Я совершенно уверен, что мой сервер взломали. Я вижу эти записи в моем журнале доступа как последние две перед серией из 500 сообщений об ошибках. Это связано с БД, но я еще не обнаружил точную ошибку. Я все еще пытаюсь понять, что это значит - может ли кто-нибудь мне помочь:
208.90.56.152 - - [16/Jun/2011:16:18:04 +0000] "GET / HTTP/1.1" 200 3011 "-" "Mozilla/5.0 (Macintosh; Intel Mac OS X 10.6; rv:2.0.1) Gecko/20100101 Firefox/4.0.1"
69.162.74.102 - - [16/Jun/2011:16:25:00 +0000] "GET /w00tw00t.at.ISC.SANS.DFind:) HTTP/1.1" 400 315 "-" "-"
Обновить
ОК - в процессе дальнейшего расследования - по какой-то причине служба mysql была отключена. Я перезапустил его, и все ВЫГЛЯДИТ нормально. Никаких данных не пропало, но я действительно плохо себя чувствую из-за этих странных записей - как я могу проверить, был ли кто-то в моей системе?
В моем журнале MYSQl я вижу эти строки - как это соотносится с тем, что произошло?
Version: '5.0.77' socket: '/var/lib/mysql/mysql.sock' port: 3306 Source distribution
110616 17:34:20 [Note] /usr/libexec/mysqld: Normal shutdown
110616 17:34:20 InnoDB: Starting shutdown...
110616 17:34:21 InnoDB: Shutdown completed; log sequence number 0 2054508
110616 17:34:21 [Note] /usr/libexec/mysqld: Shutdown complete
110616 17:34:21 mysqld ended
Сканирование DFind - это всего лишь сканирование, и оно не указывает на нарушение; вы будете видеть это все время, если будете смотреть. Видеть Вот.

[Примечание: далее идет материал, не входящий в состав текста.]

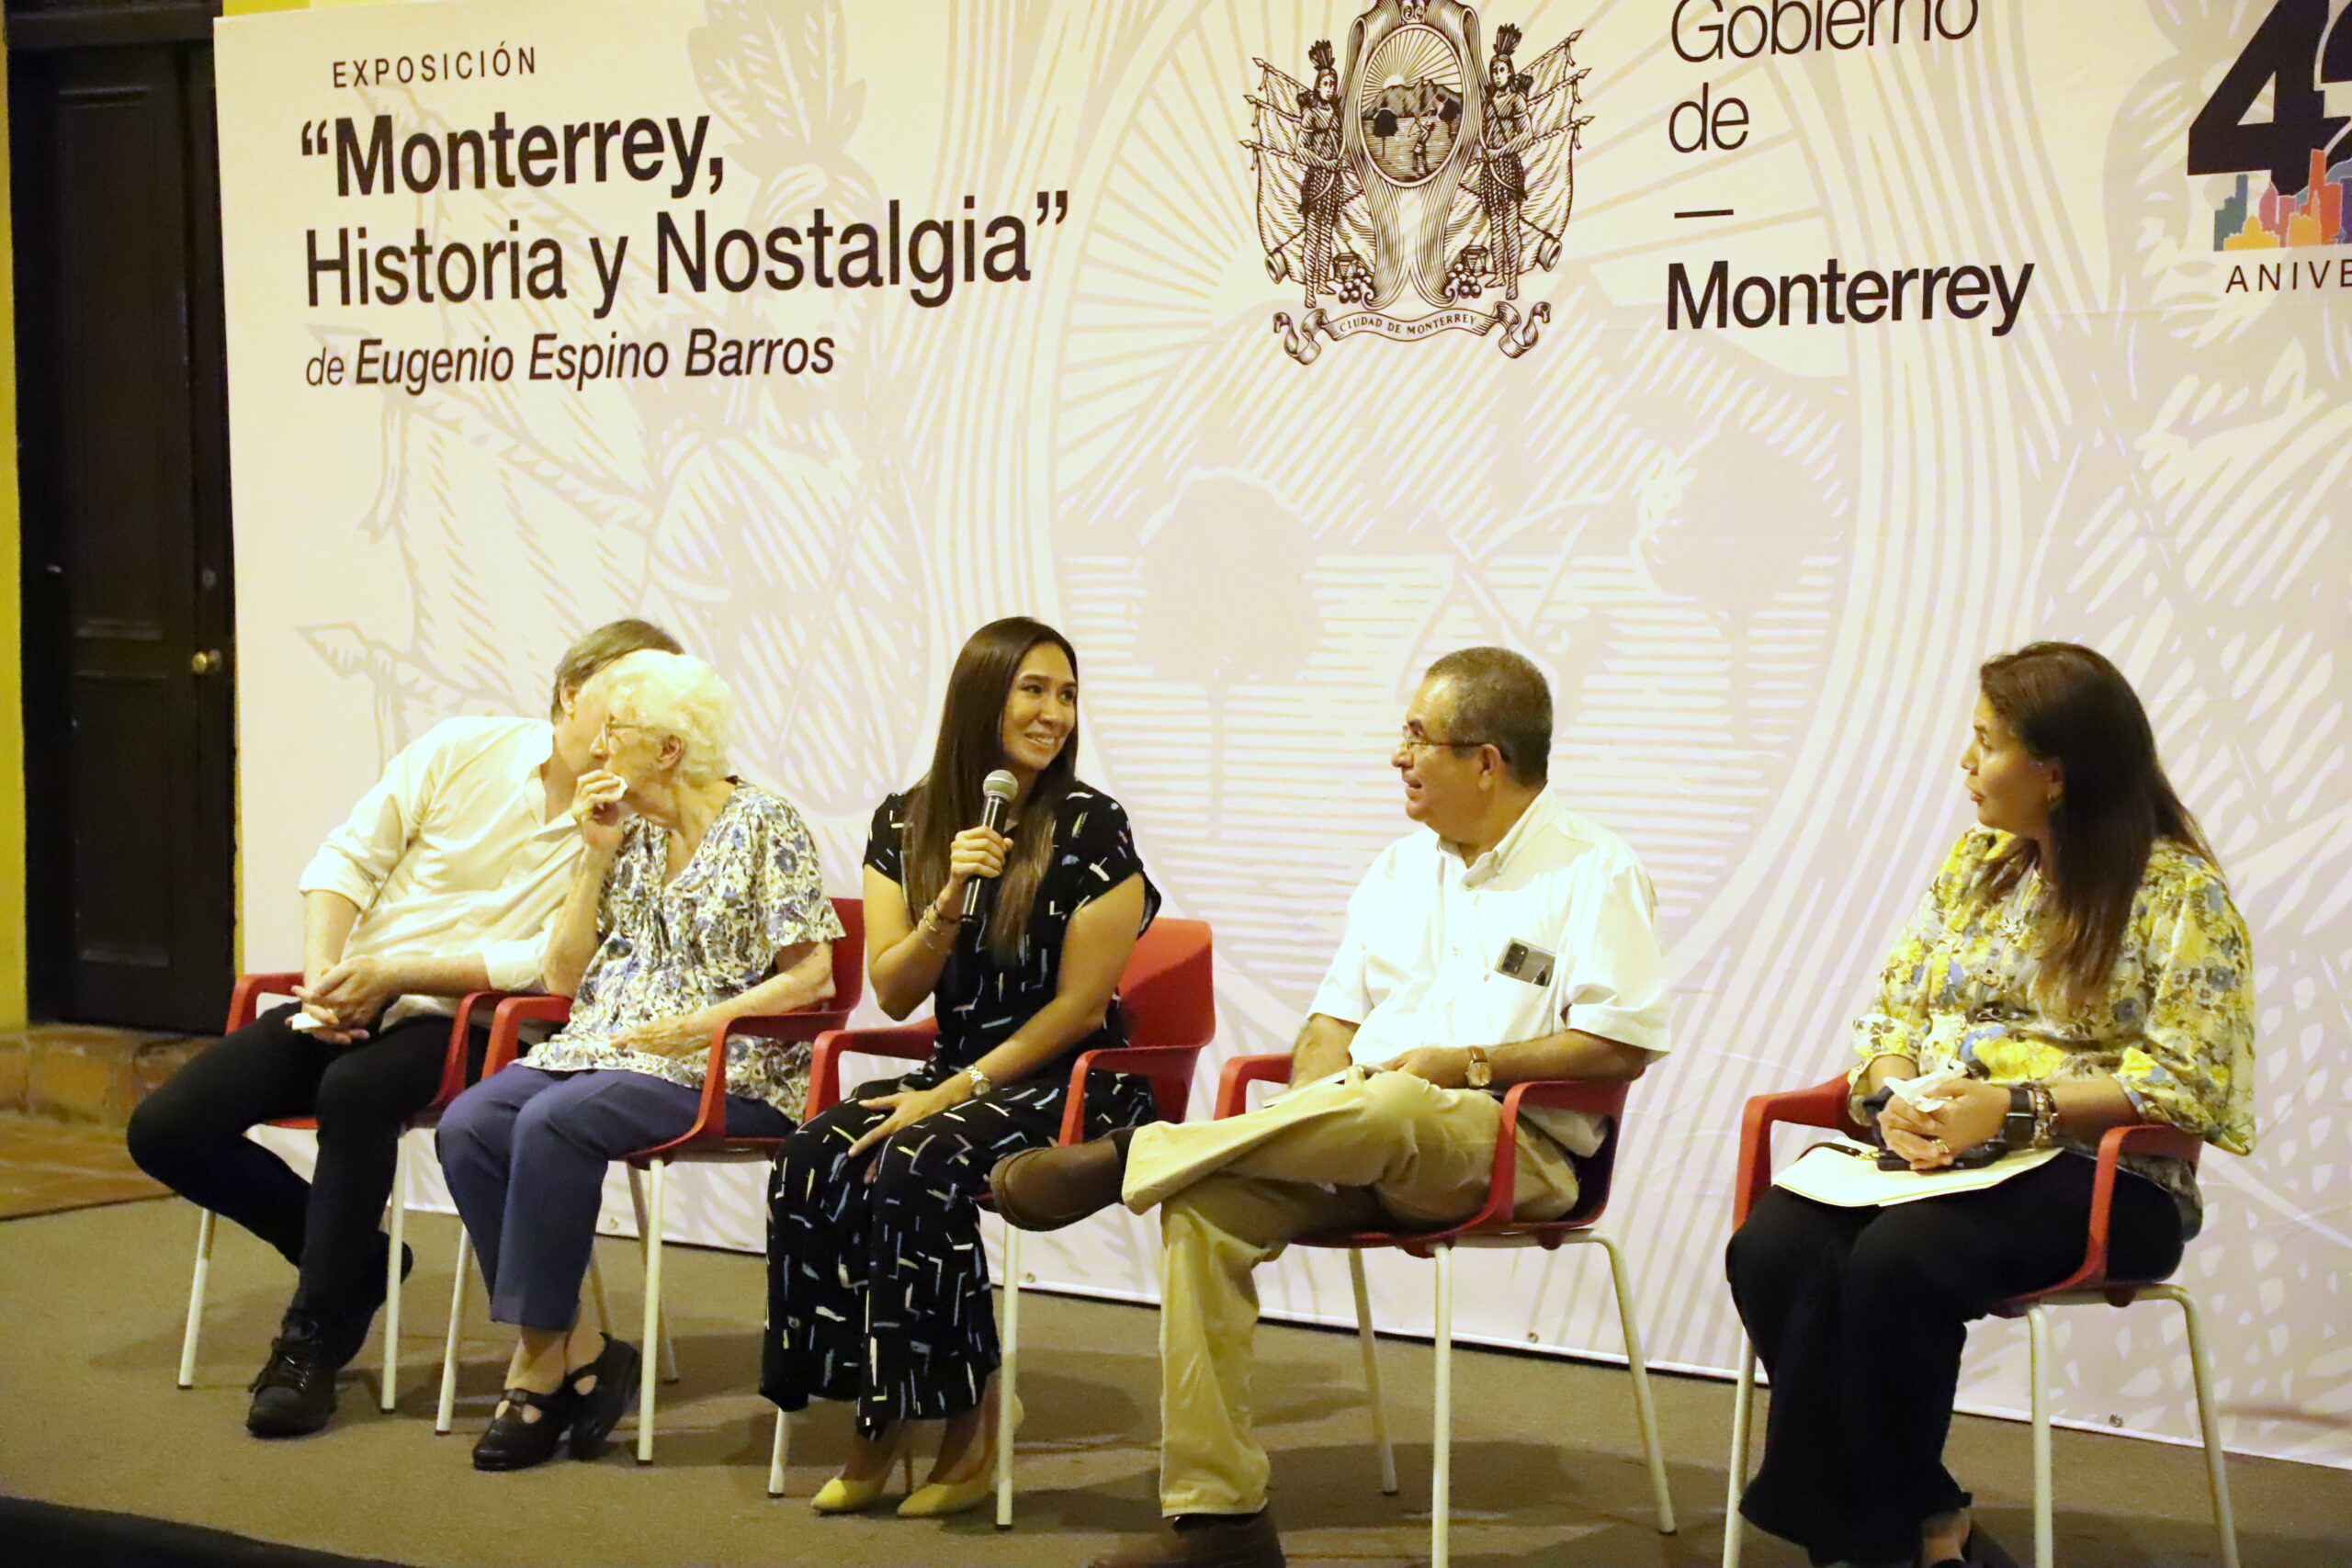 Inauguran exposición “Monterrey, historia y nostalgia” de Eugenio Espino Barros

Это изящное завершение работы MySQL, которое может потребовать дальнейшего расследования, но само по себе не вызывает особых подозрений.
Эти две записи в журнале доступа не о чем беспокоиться.
С первым все в порядке (кто-то по адресу 208.90.56.152 запросил корень вашего сайта и получил его), а второй выглядит так, будто кто-то по адресу 69.162.74.102 пытался получить доступ к файлу с именем w00tw00t.at.ISC.SANS.DFind:) на вашем сайте ... и конечно не нашел.
Люди (или боты) могут спрашивать ваш веб-сервер самые странные вещи; это не важно, важно то, что они их не находят :-)
Запись GET /w00tw00t.at.ISC.SANS.DFind:) HTTP/1.1 в ваших журналах Raw Access указывает, что кто-то запускает сканер уязвимостей, имеющий этот отпечаток.
Сама по себе эта запись не означает, что вас взломали. Это означает лишь то, что кто-то сканировал ваш сервер на предмет потенциальных уязвимостей с помощью веб-сканера уязвимостей. За этими записями могут следовать другие записи грубой силы (фактические попытки взлома).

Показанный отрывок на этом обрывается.